17. De kamer is van oordeel dat in casu reeds het ontbreken van enige mededeling met betrekking tot bedoelde aanwijzingen in de koopovereenkomst in het onderhavige geval voor de notaris aanleiding had moeten zijn zich ten tijde van het opstellen van de concept-transportakte, in ieder geval vóór het passeren van de leveringsakte te vergewissen van de stand van zaken met betrekking tot de onderhavige aanschrijvingen, zoals de uitvoering van de in verband daarmee te verrichten werkzaamheden, de eventuele doorhaling van de aanschrijvingen en de betaling van de kosten van de werkzaamheden. Anders dan de notaris meent komt het enkele (gedeeltelijke) voorlezen en doen vertalen van de leveringsakte daartoe onvoldoende voor, daar moet worden aangenomen dat klager als leek bij ondertekening van de akte onvoldoende heeft beseft wat de consequenties van het opnemen van de aanschrijvingen in de akte en het bestaan daarvan voor hem konden betekenen. Dit klemt te meer nu de concept-akte slechts daags voor de ondertekening, zonder verdere opmerkingen aan klager werd toegezonden. Voorts had de notaris zich er van dienen te vergewissen of klager als koper zich er van bewust was dat in geval de gemeente de werkzaamheden had uitgevoerd en verkoper de rekening (nog) niet had voldaan, klager als koper jegens de gemeente voor de kosten van herstel aansprakelijk was. De enkele constatering dat klager als koper heeft waargenomen dat de werkzaamheden waren uitgevoerd is daarvoor niet voldoende.
18. Reeds op grond van het voorgaande is de kamer van oordeel dat de notaris zijn onderzoek- en informatieplicht tegenover klager niet, althans onvoldoende heeft nageleefd.
19. Hetgeen partijen verder nog naar voren hebben gebracht behoeft gelet op het vorenoverwogene verder geen bespreking meer.

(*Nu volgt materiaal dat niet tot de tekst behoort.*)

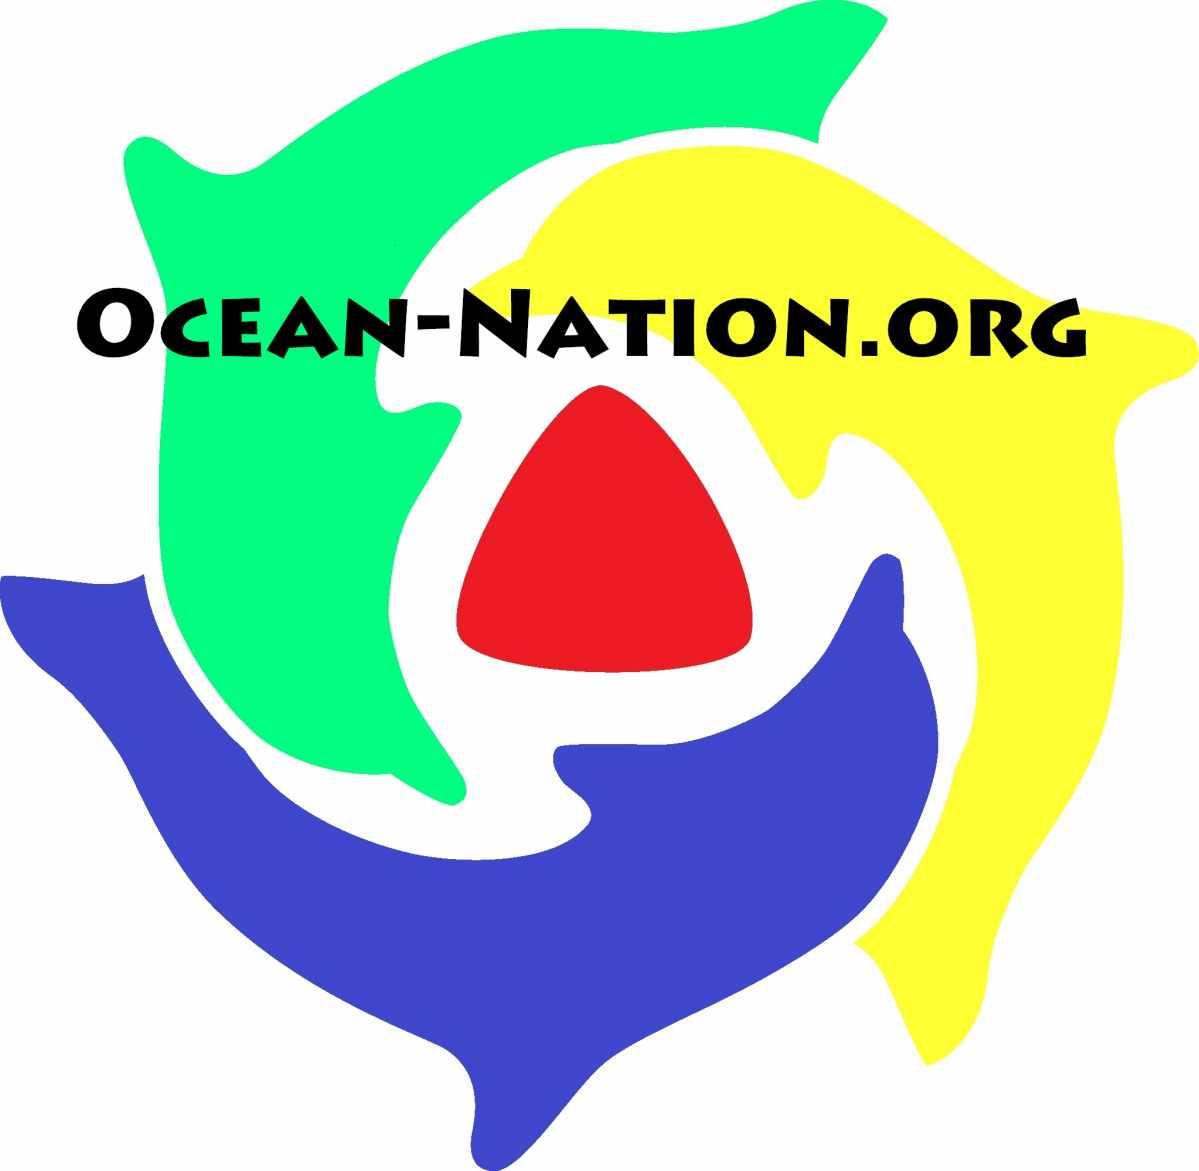 Aros Crystos and Ocean Nation Logo

20. De kamer acht de geconstateerde onzorgvuldigheid dusdanig ernstig dat de kamer ter zake daarvan de maatregel van berisping zal opleggen.
- verklaart de klacht gegrond.
- legt de notaris de maatregel van berisping op.
- bepaalt dat de berisping zal worden uitgesproken door de voorzitter op een nader te bepalen datum en tijdstip.
- bepaalt dat de secretaris alsdan voor tijdige oproeping van de notaris zal zorgdragen.
De beslissing is gegeven door mrs. W. van Veen, voorzitter, C.H.Kemp-Randewijk,
F. Hoppel, W. van Ringelesteijn en J.H. Jochems, leden, en in het openbaar uitgesproken op vrijdag 19 maart 2004.